The --smoke (short -S) flag, provided by modflow-devtools is an alias for the above:

pytest -v -n auto -S

Smoke testing is a form of integration testing which aims to test a decent fraction of the codebase quickly enough to run often during development.

External model tests

Tests using models from external repositories can be selected with the repo marker:

pytest -v -n auto -m "repo"

The large marker is a subset of the repo marker. To test models excluded from commit-triggered CI and only run on GitHub Actions nightly:

pytest -v -n auto -m "large"

Test scripts for external model repositories can also be run independently:

# MODFLOW 6 test models
pytest -v -n auto test_z01_testmodels_mf6.py

# MODFLOW 5 to 6 conversion test models
pytest -v -n auto test_z02_testmodels_mf5to6.py

# models from modflow6-examples repo
pytest -v -n auto test_z03_examples.py

# models from modflow6-largetestmodels repo
pytest -v -n auto test_z03_largetestmodels.py

Tests load external models from fixtures provided by modflow-devtools. External model tests can be selected by model or simulation name, or by packages used. See the modflow-devtools documentation for usage examples. Note that filtering options only apply to tests using external models, and will not filter tests defining models in code — for that, the pytest built-in -k option may be used.

Writing tests

Tests should ideally follow a few conventions for easier maintenance:

• Use temporary directory fixtures. Tests which write to disk should use pytest's built-in tmp_path fixtures or one of the keepable temporary directory fixtures from modflow-devtools. This prevents tests from polluting one another's state.

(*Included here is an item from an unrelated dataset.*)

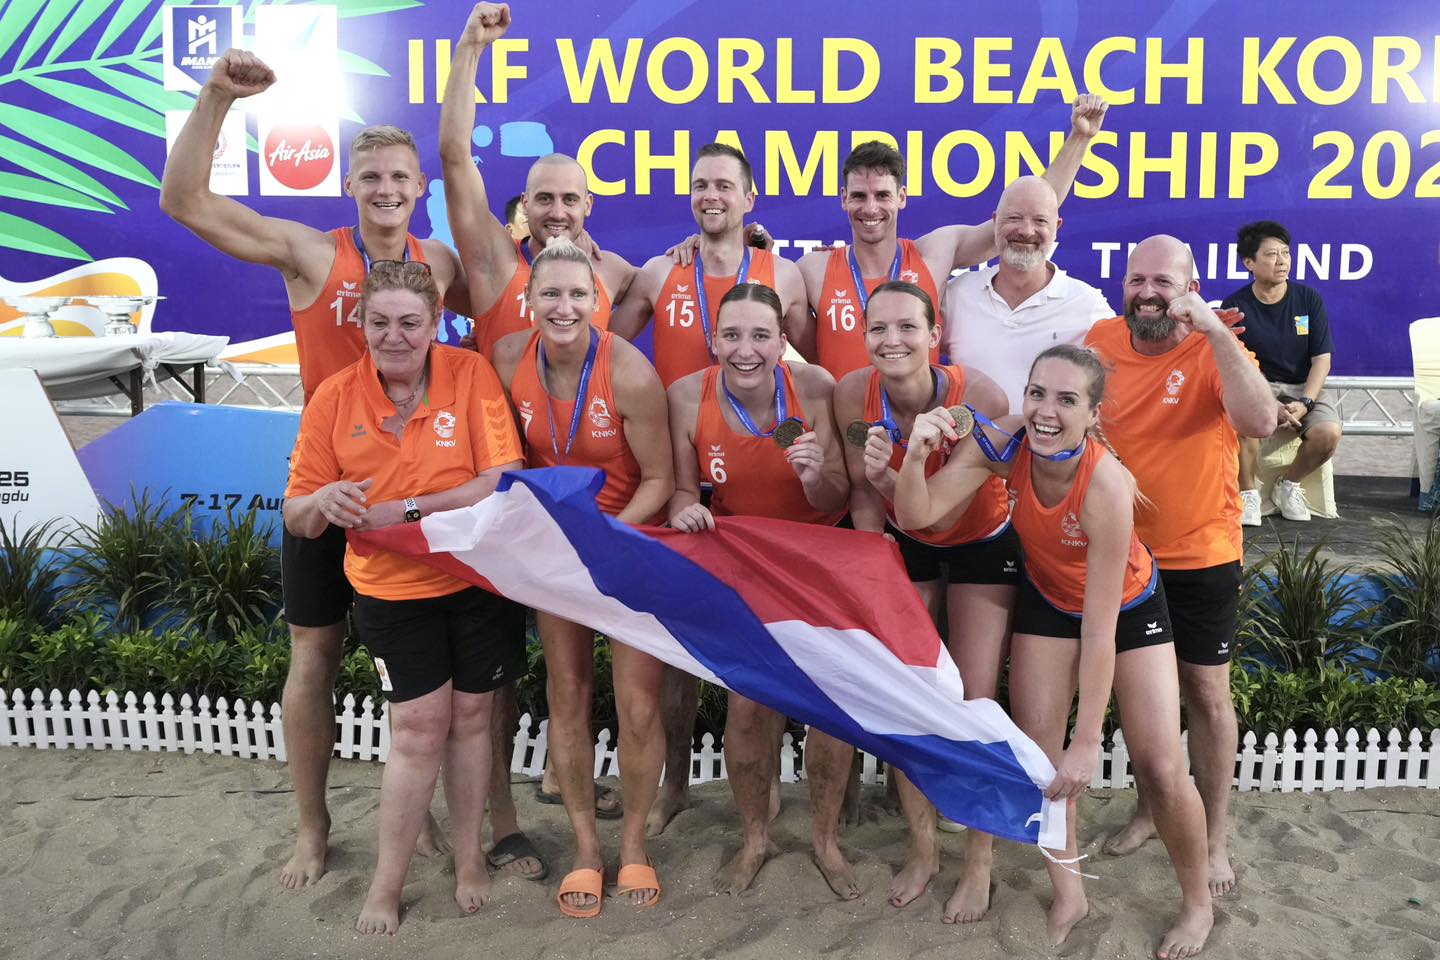 Netherlands claim revenge, Crowned champions at dramatic IKF Beach Korfball Worlds – International Korfball Federation

• Use markers for convenient (de-)selection:

  • @pytest.mark.slow if the test doesn't complete in a few seconds (this preserves the ability to quickly --smoke test
  • @pytest.mark.repo if the test relies on external model repositories
  • @pytest.mark.regression if the test compares results from different versions

The test suite must pass before code can be merged, so be sure it passes locally before opening a PR.